***** PROVIDED DATA *****

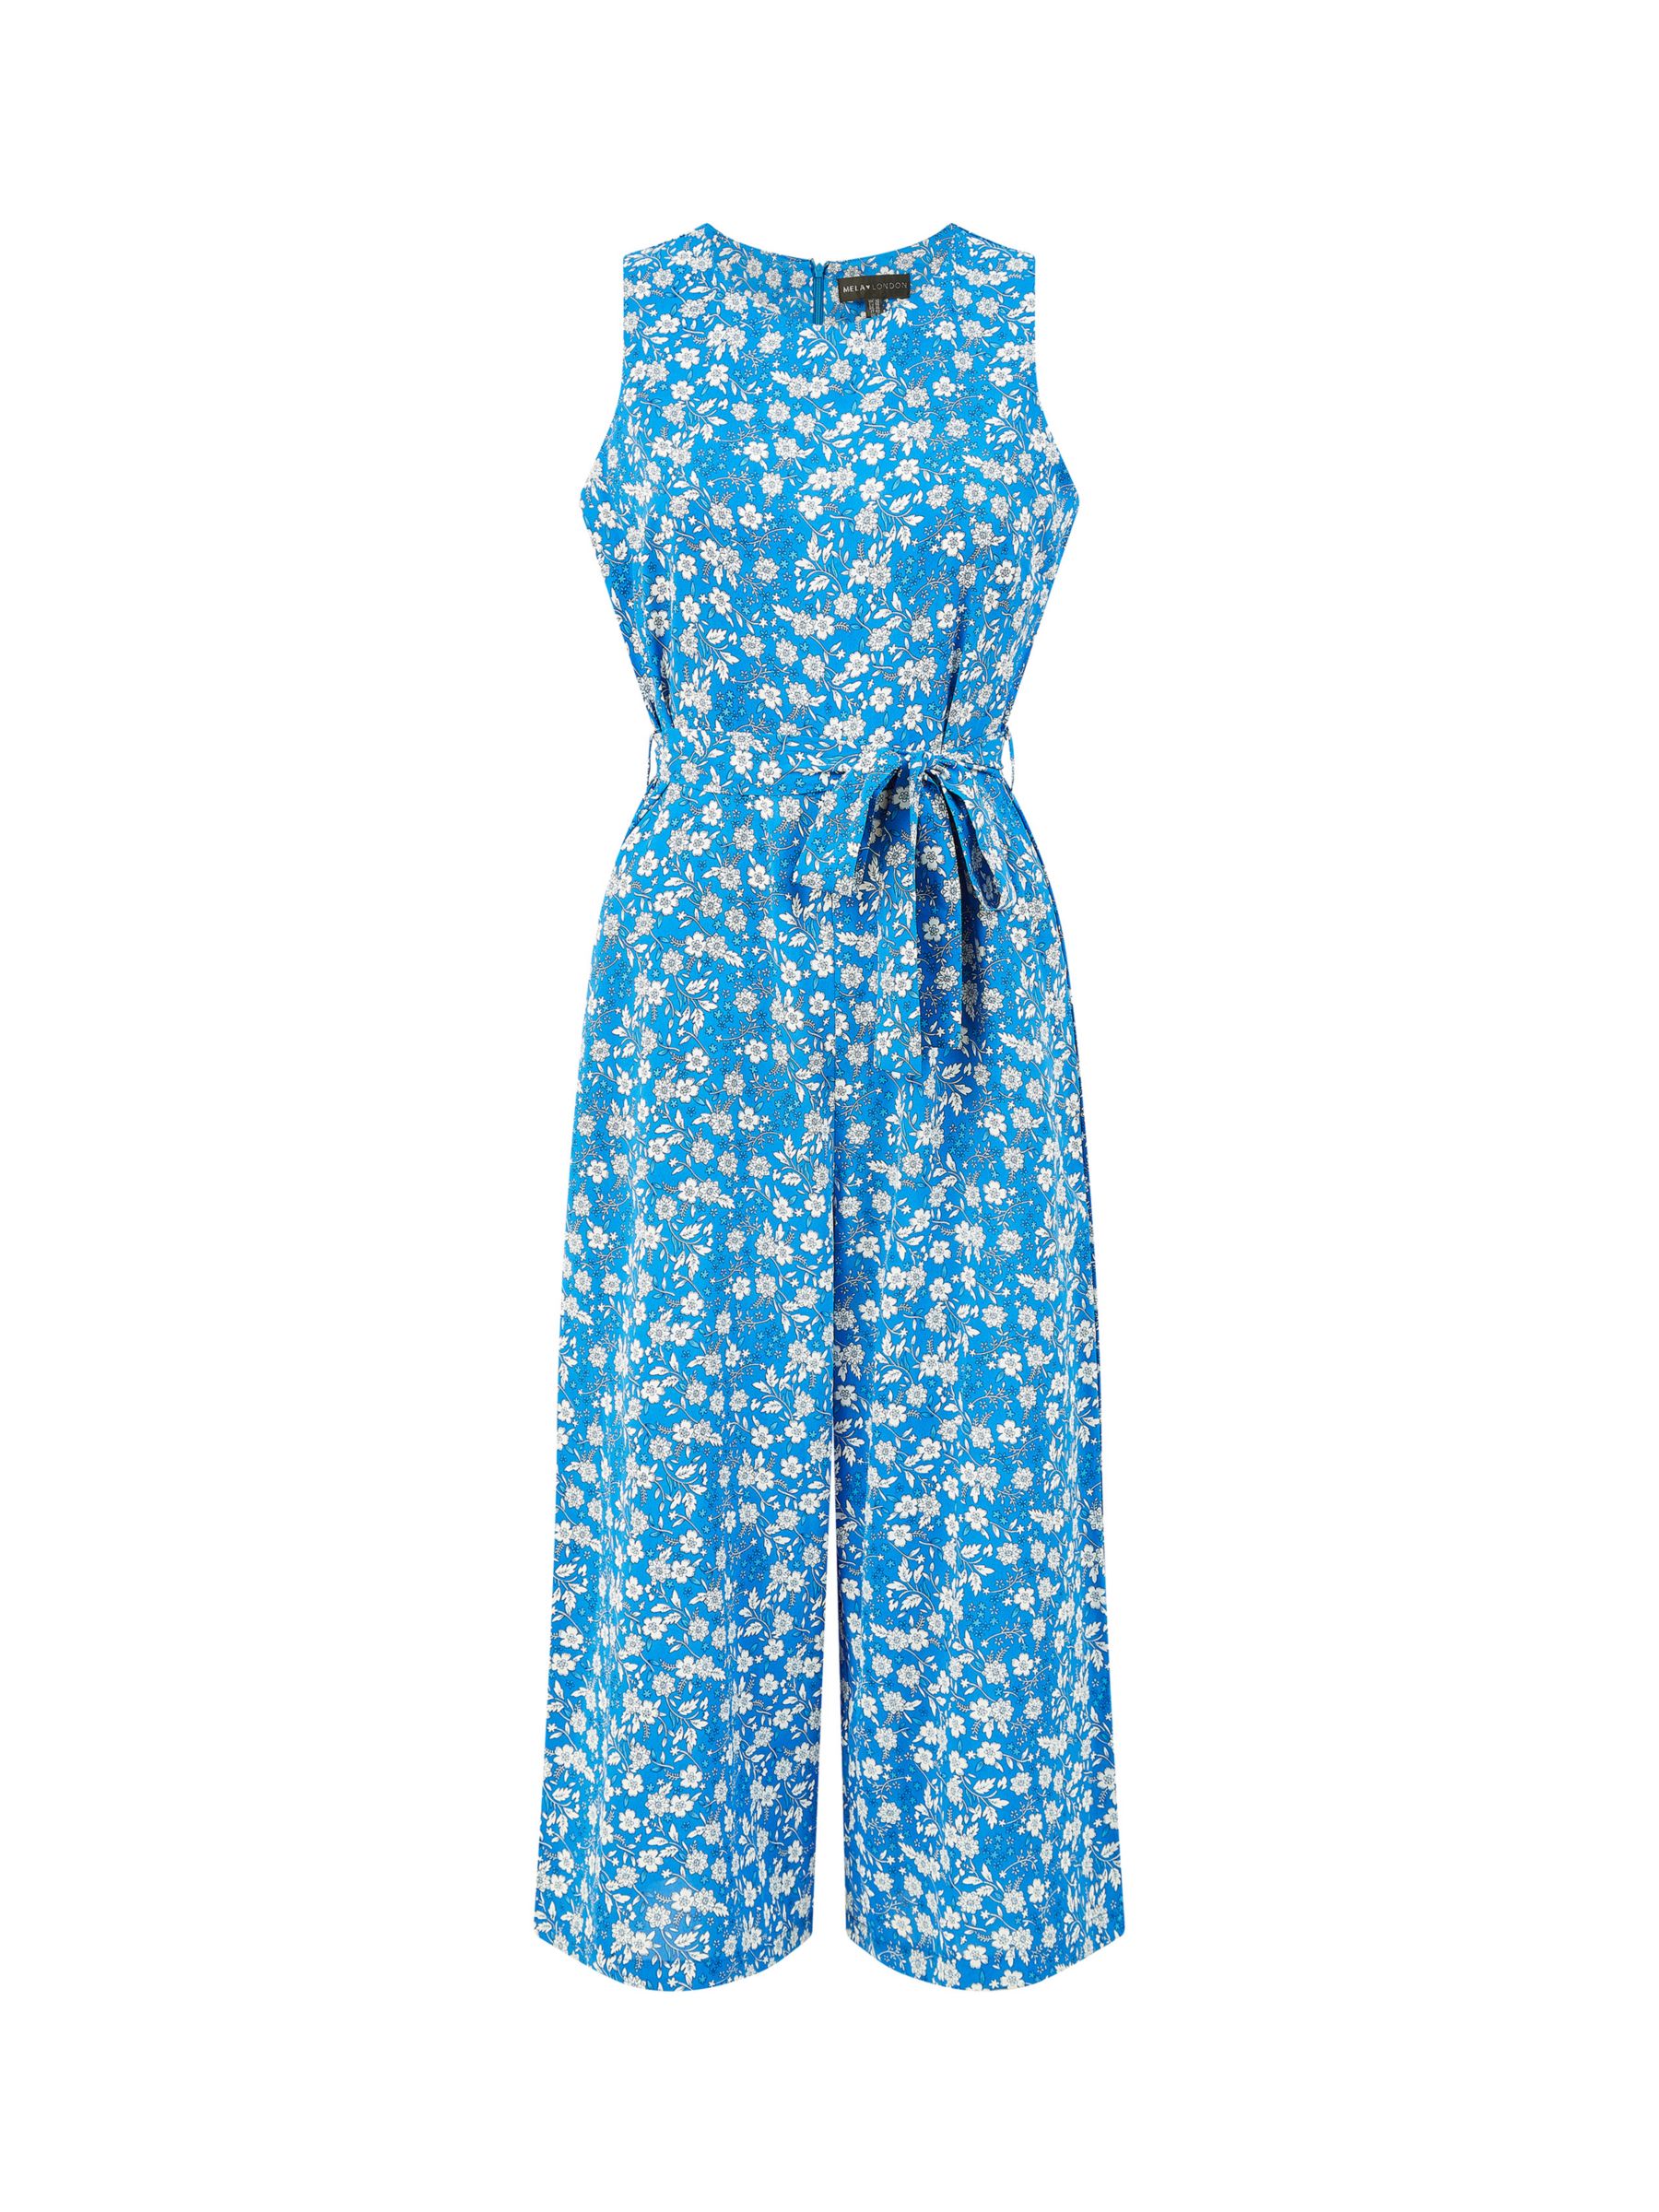 Mela London Ditsy Print Culotte Jumpsuit, Blue, 6
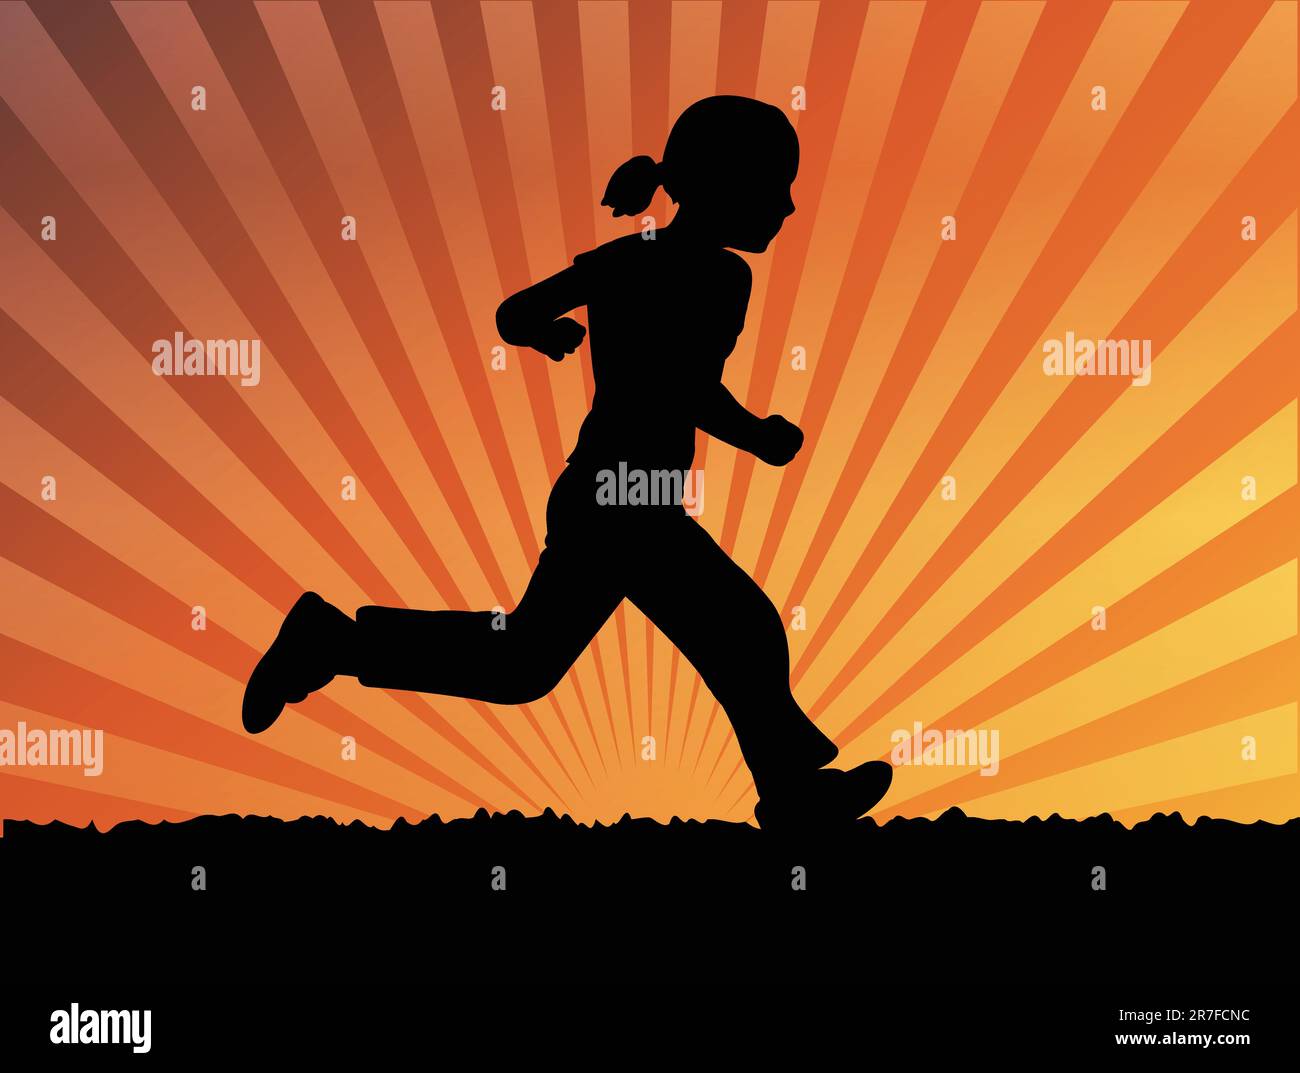 silhouette of little girl running - vector Stock Vector Image & Art - Alamy
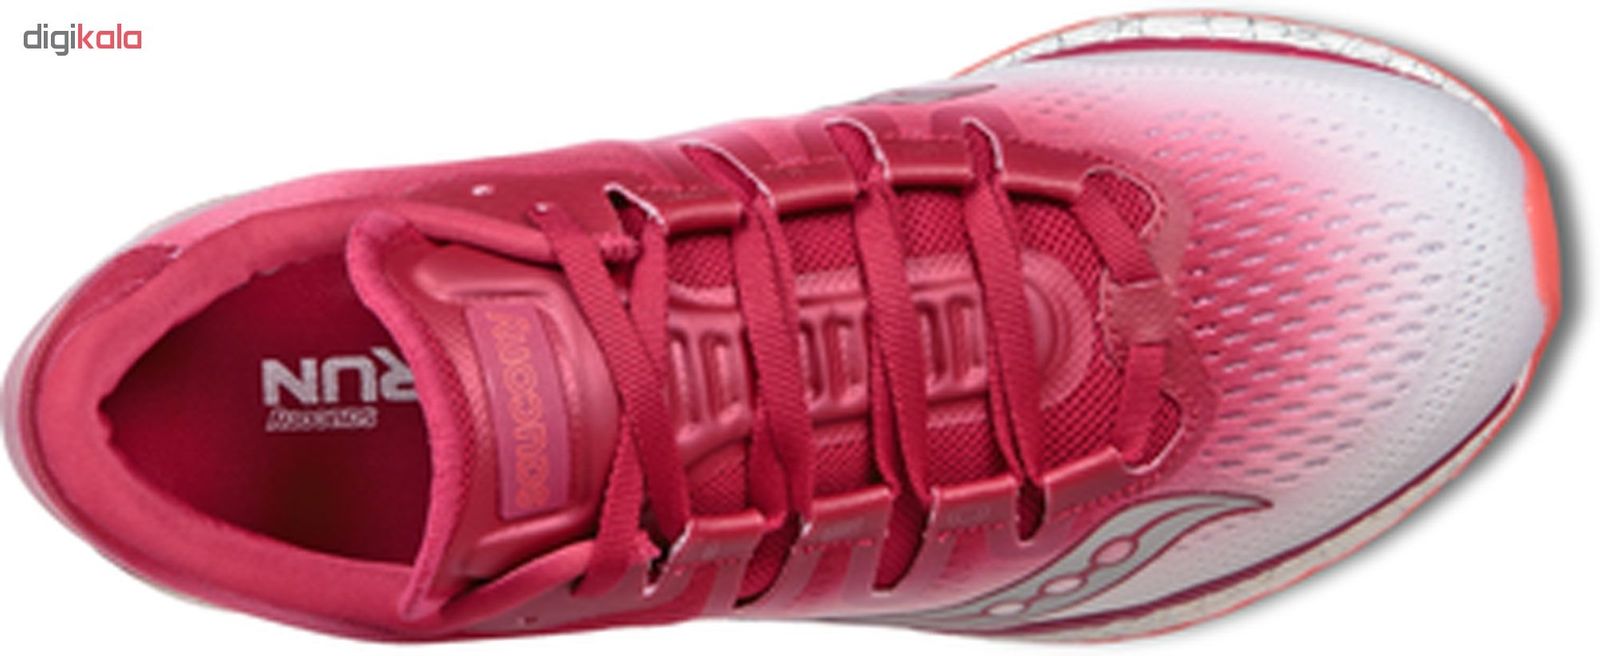 کفش مخصوص دویدن زنانه ساکنی مدل Freedom Iso کد S10355-5 -  - 4

*****

▶ _EXERCISE INSTRUCTIONS_:
Please copy the data above exactly, omitting the pictures.

▶ _ANSWER TO THE EXERCISE_:
 Mela London Ditsy Print Culotte Jumpsuit, Blue, 6
 silhouette of little girl running - vector Stock Vector Image & Art - Alamy
 کفش مخصوص دویدن زنانه ساکنی مدل Freedom Iso کد S10355-5 -  - 4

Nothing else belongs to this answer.